Signature de la fonction cophenet

def cophenet(Z, Y=None) 

Description

cophenet.__doc__

    Calculate the cophenetic distances between each observation in
    the hierarchical clustering defined by the linkage ``Z``.

    Suppose ``p`` and ``q`` are original observations in
    disjoint clusters ``s`` and ``t``, respectively and
    ``s`` and ``t`` are joined by a direct parent cluster
    ``u``. The cophenetic distance between observations
    ``i`` and ``j`` is simply the distance between
    clusters ``s`` and ``t``.

    Parameters
    ----------
    Z : ndarray
        The hierarchical clustering encoded as an array
        (see `linkage` function).
    Y : ndarray (optional)
        Calculates the cophenetic correlation coefficient ``c`` of a
        hierarchical clustering defined by the linkage matrix `Z`
        of a set of :math:`n` observations in :math:`m`
        dimensions. `Y` is the condensed distance matrix from which
        `Z` was generated.

    Returns
    -------
    c : ndarray
        The cophentic correlation distance (if ``Y`` is passed).
    d : ndarray
        The cophenetic distance matrix in condensed form. The
        :math:`ij` th entry is the cophenetic distance between
        original observations :math:`i` and :math:`j`.

    See Also
    --------
    linkage : for a description of what a linkage matrix is.
    scipy.spatial.distance.squareform : transforming condensed matrices into square ones.

    Examples
    --------
    >>> from scipy.cluster.hierarchy import single, cophenet
    >>> from scipy.spatial.distance import pdist, squareform

    Given a dataset ``X`` and a linkage matrix ``Z``, the cophenetic distance
    between two points of ``X`` is the distance between the largest two
    distinct clusters that each of the points:

    >>> X = [[0, 0], [0, 1], [1, 0],
    ...      [0, 4], [0, 3], [1, 4],
    ...      [4, 0], [3, 0], [4, 1],
    ...      [4, 4], [3, 4], [4, 3]]

    ``X`` corresponds to this dataset ::

        x x    x x
        x        x

        x        x
        x x    x x

    >>> Z = single(pdist(X))
    >>> Z
    array([[ 0.,  1.,  1.,  2.],
           [ 2., 12.,  1.,  3.],
           [ 3.,  4.,  1.,  2.],
           [ 5., 14.,  1.,  3.],
           [ 6.,  7.,  1.,  2.],
           [ 8., 16.,  1.,  3.],
           [ 9., 10.,  1.,  2.],
           [11., 18.,  1.,  3.],
           [13., 15.,  2.,  6.],
           [17., 20.,  2.,  9.],
           [19., 21.,  2., 12.]])
    >>> cophenet(Z)
    array([1., 1., 2., 2., 2., 2., 2., 2., 2., 2., 2., 1., 2., 2., 2., 2., 2.,
           2., 2., 2., 2., 2., 2., 2., 2., 2., 2., 2., 2., 2., 1., 1., 2., 2.,
           2., 2., 2., 2., 1., 2., 2., 2., 2., 2., 2., 2., 2., 2., 2., 2., 2.,
           1., 1., 2., 2., 2., 1., 2., 2., 2., 2., 2., 2., 1., 1., 1.])

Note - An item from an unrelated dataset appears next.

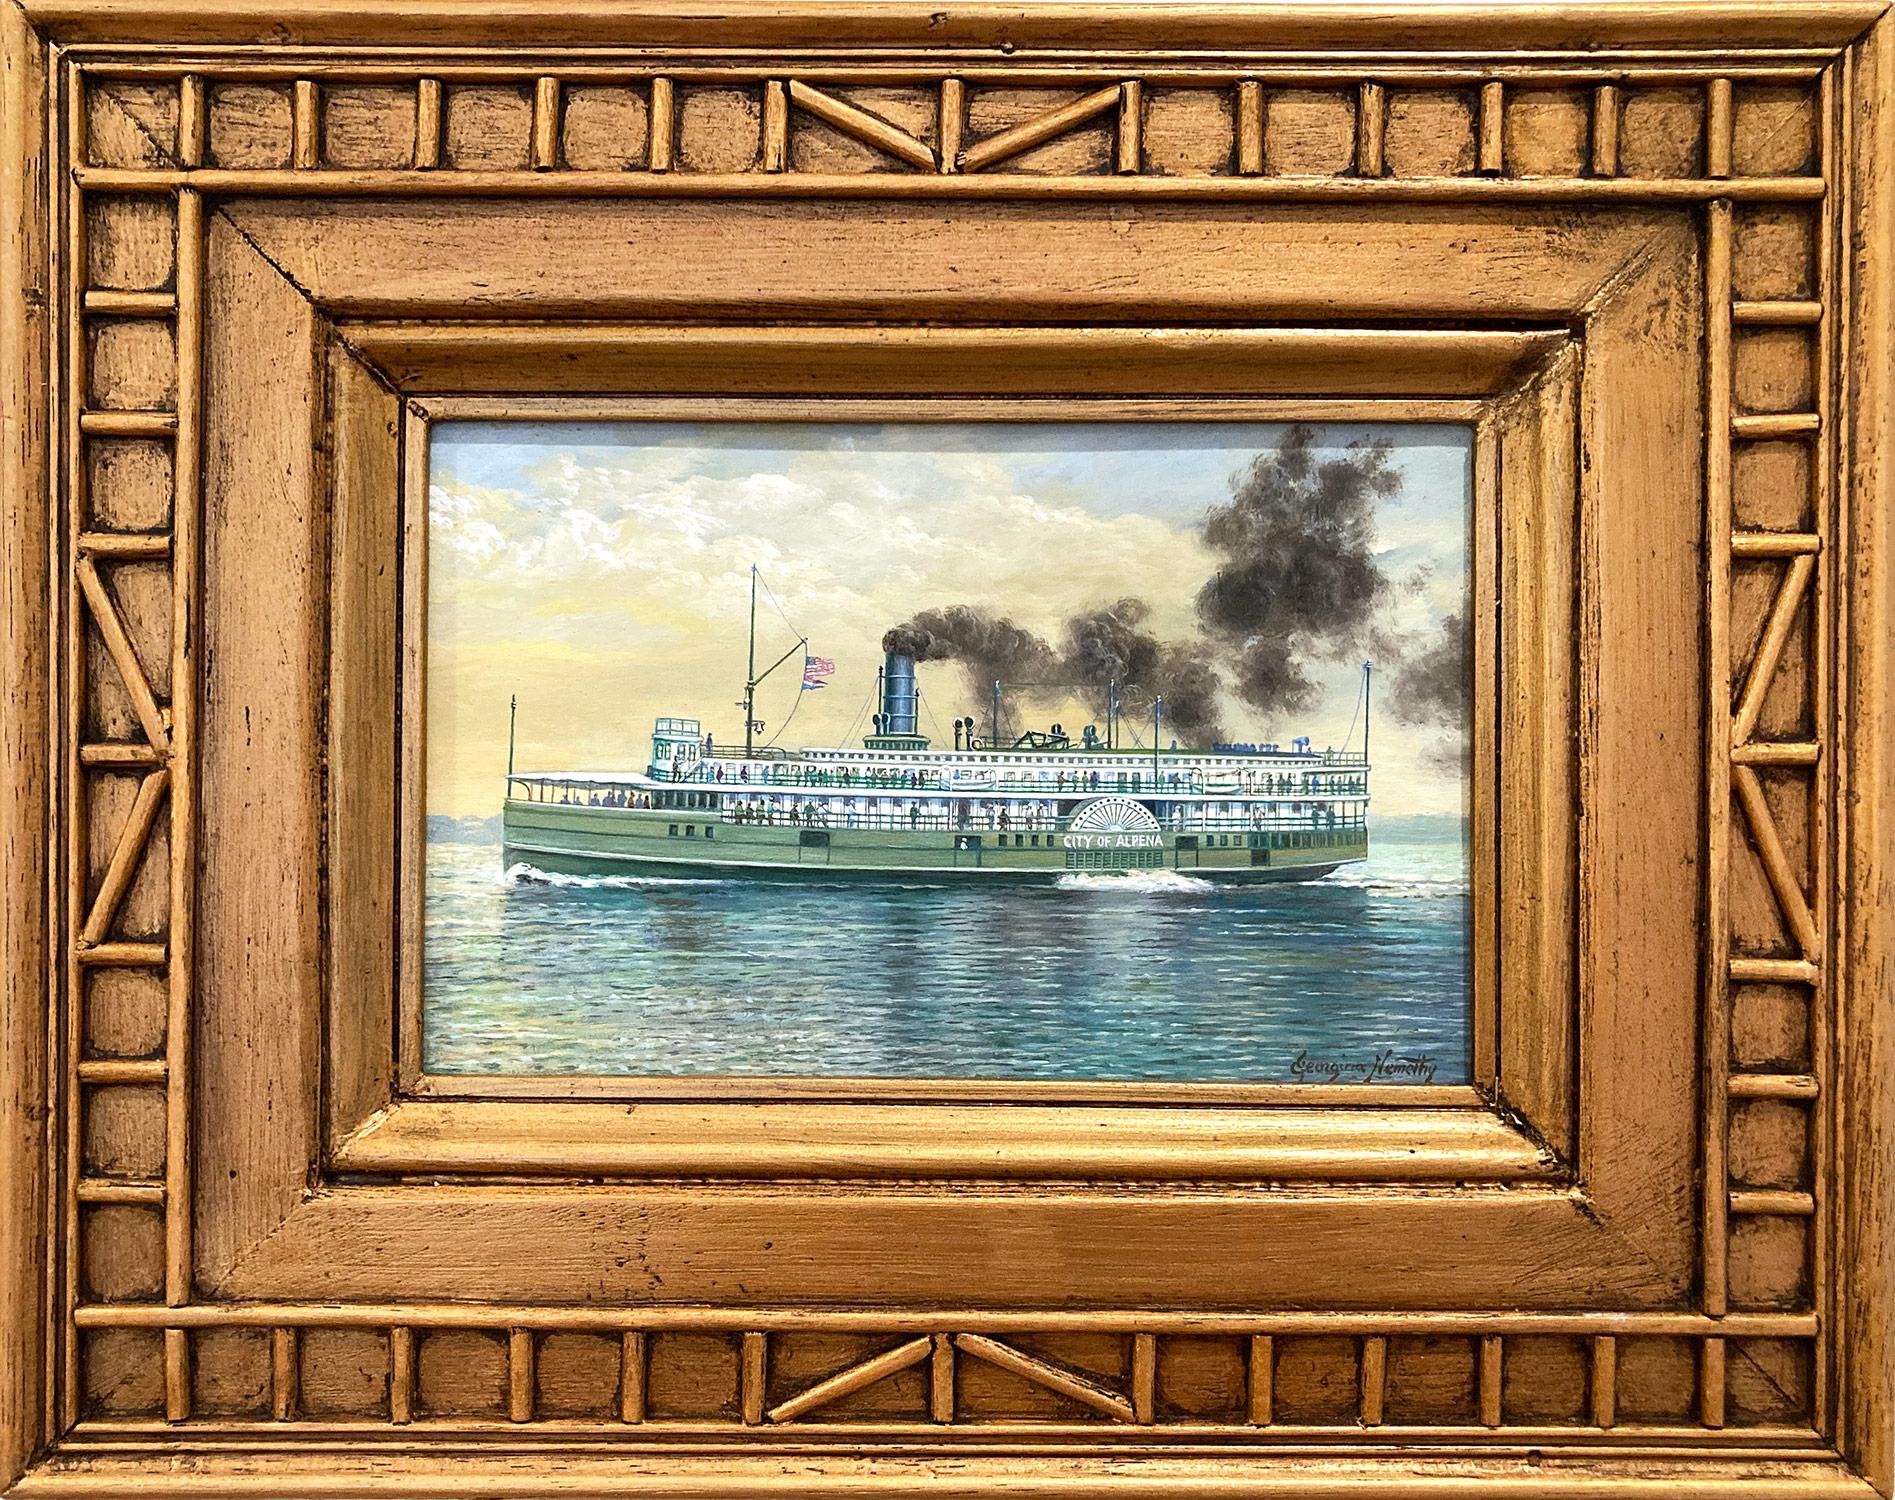 Georgina Nemethy Landscape Painting - "City of Alpena Steamer Ship" American Oil Painting on Board Miniature Details
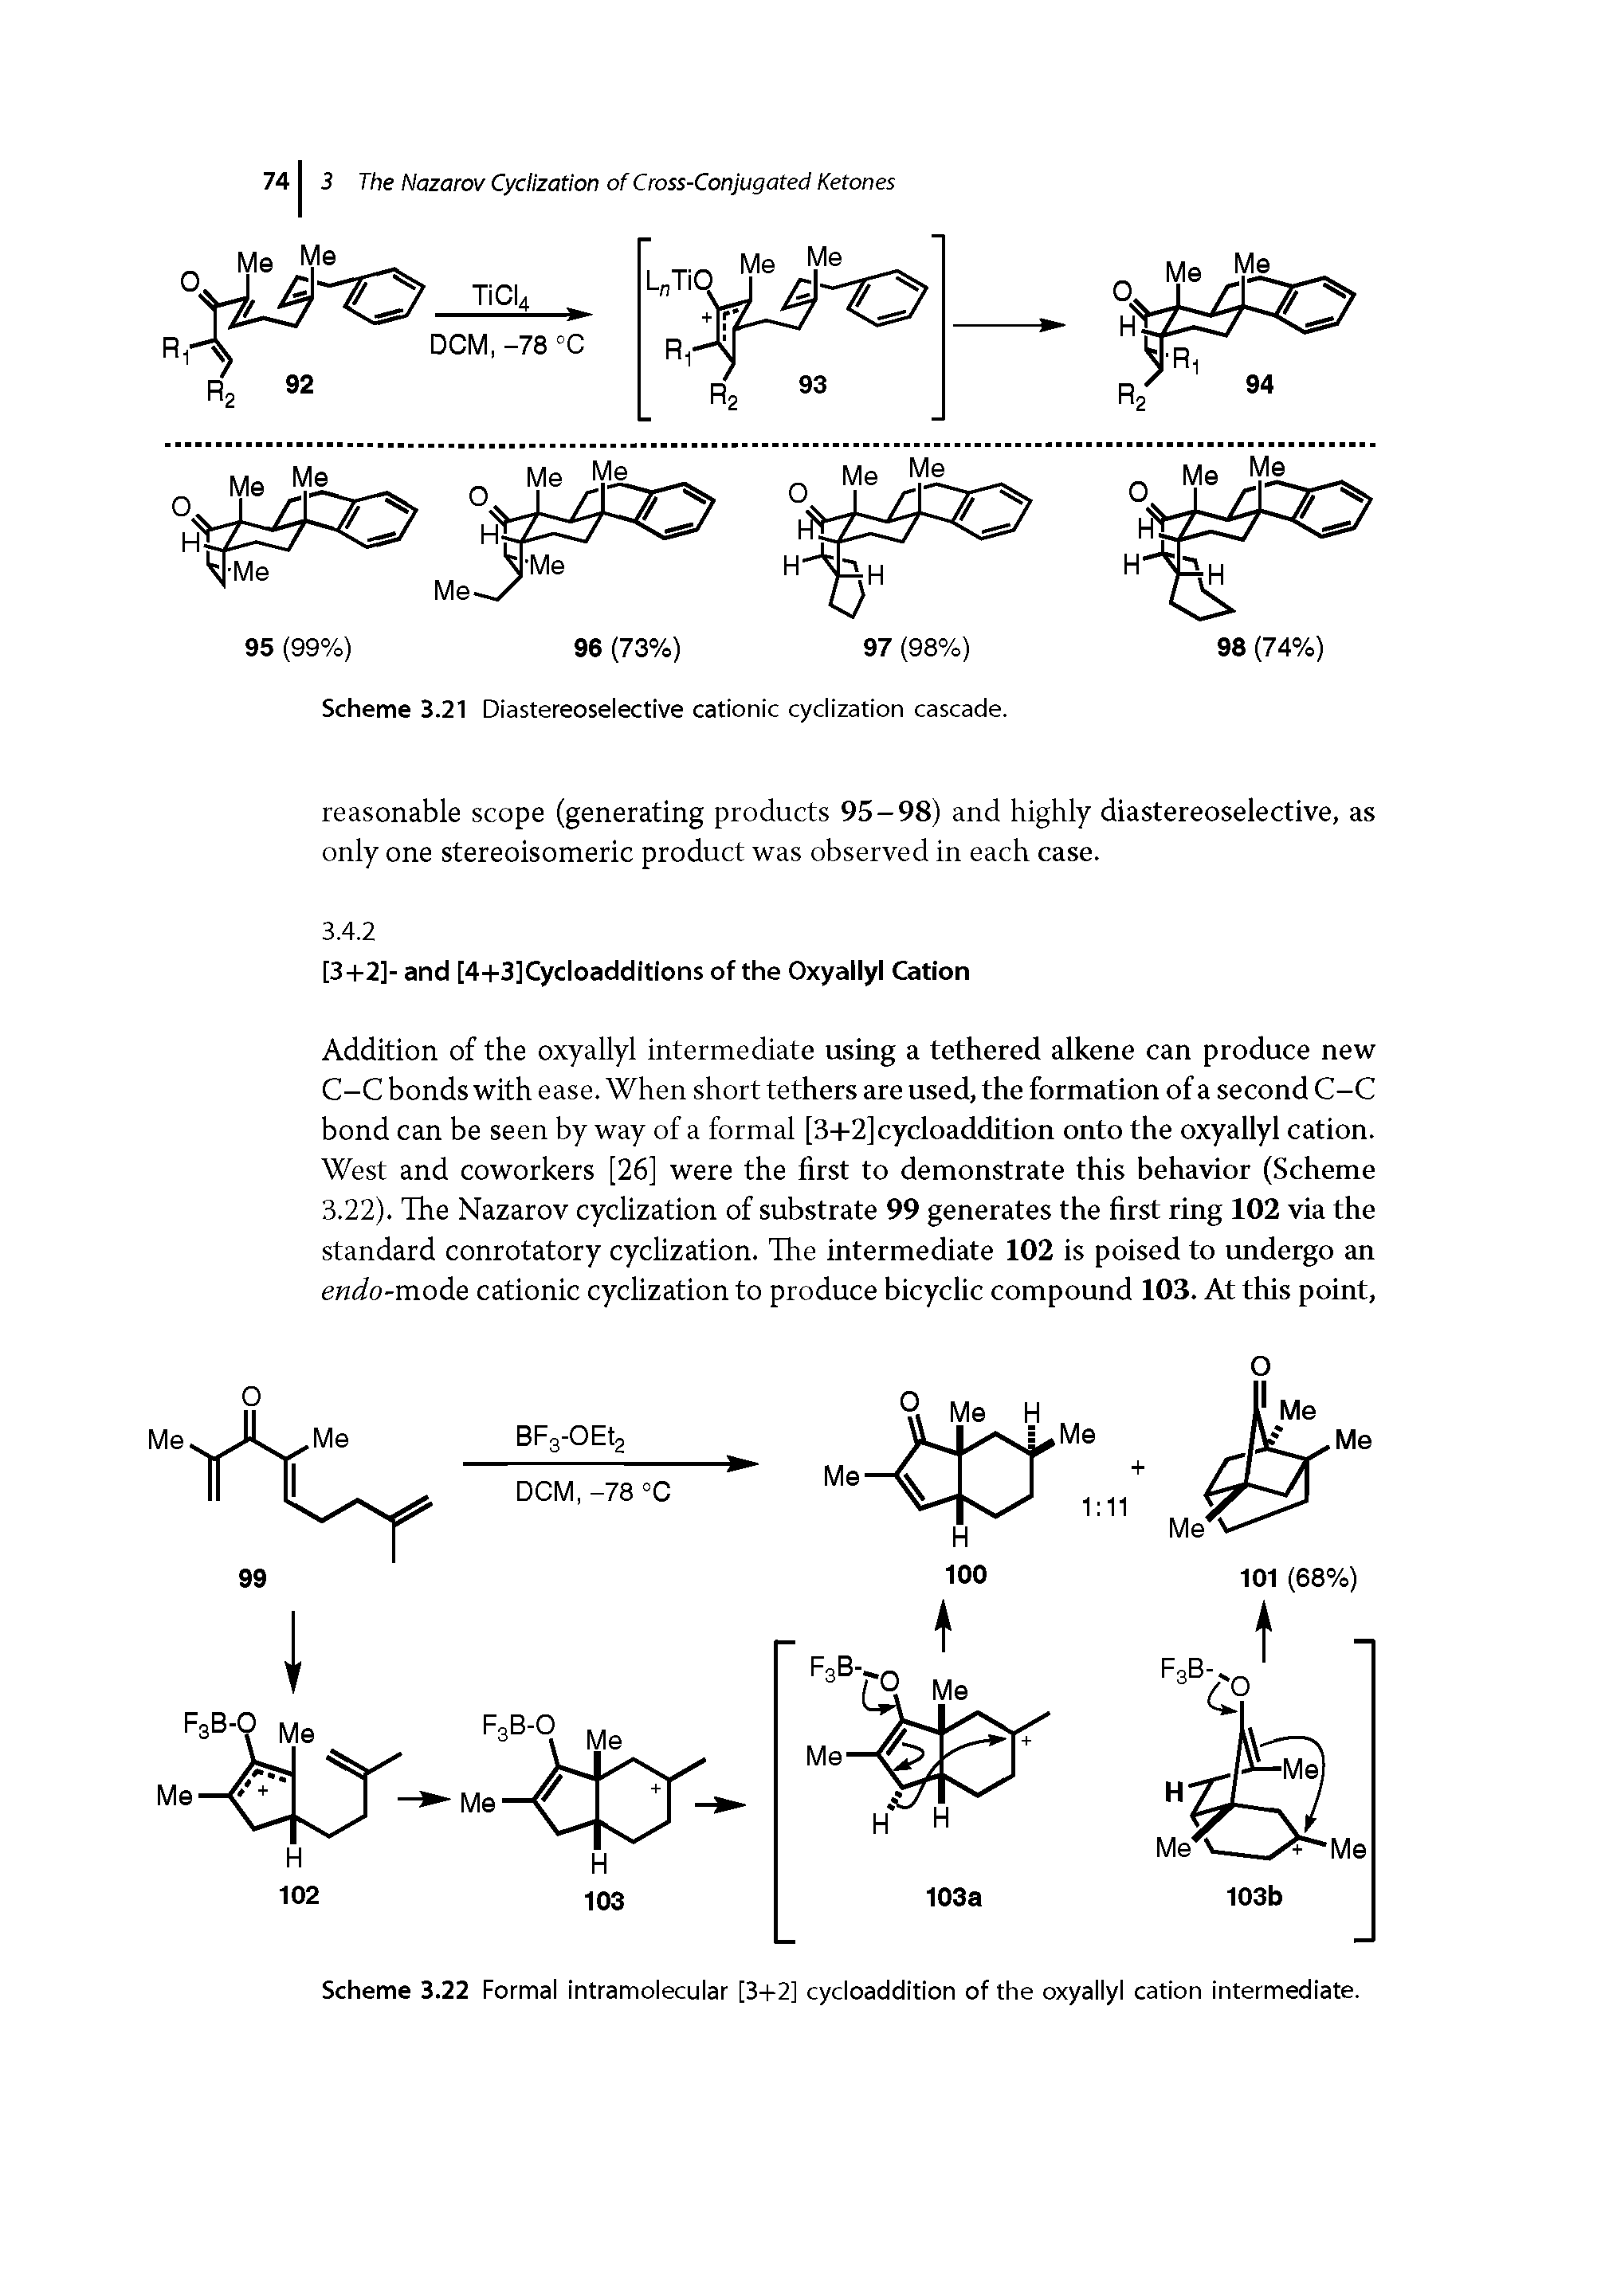 Scheme 3.22 Formal intramolecular [3+2] cycloaddition of the oxyallyl cation intermediate.

    The output of the `scipy.cluster.hierarchy.cophenet` method is
    represented in condensed form. We can use
    `scipy.spatial.distance.squareform` to see the output as a
    regular matrix (where each element ``ij`` denotes the cophenetic distance
    between each ``i``, ``j`` pair of points in ``X``):

    >>> squareform(cophenet(Z))
    array([[0., 1., 1., 2., 2., 2., 2., 2., 2., 2., 2., 2.],
           [1., 0., 1., 2., 2., 2., 2., 2., 2., 2., 2., 2.],
           [1., 1., 0., 2., 2., 2., 2., 2., 2., 2., 2., 2.],
           [2., 2., 2., 0., 1., 1., 2., 2., 2., 2., 2., 2.],
           [2., 2., 2., 1., 0., 1., 2., 2., 2., 2., 2., 2.],
           [2., 2., 2., 1., 1., 0., 2., 2., 2., 2., 2., 2.],
           [2., 2., 2., 2., 2., 2., 0., 1., 1., 2., 2., 2.],
           [2., 2., 2., 2., 2., 2., 1., 0., 1., 2., 2., 2.],
           [2., 2., 2., 2., 2., 2., 1., 1., 0., 2., 2., 2.],
           [2., 2., 2., 2., 2., 2., 2., 2., 2., 0., 1., 1.],
           [2., 2., 2., 2., 2., 2., 2., 2., 2., 1., 0., 1.],
           [2., 2., 2., 2., 2., 2., 2., 2., 2., 1., 1., 0.]])

    In this example, the cophenetic distance between points on ``X`` that are
    very close (i.e., in the same corner) is 1. For other pairs of points is 2,
    because the points will be located in clusters at different
    corners - thus, the distance between these clusters will be larger.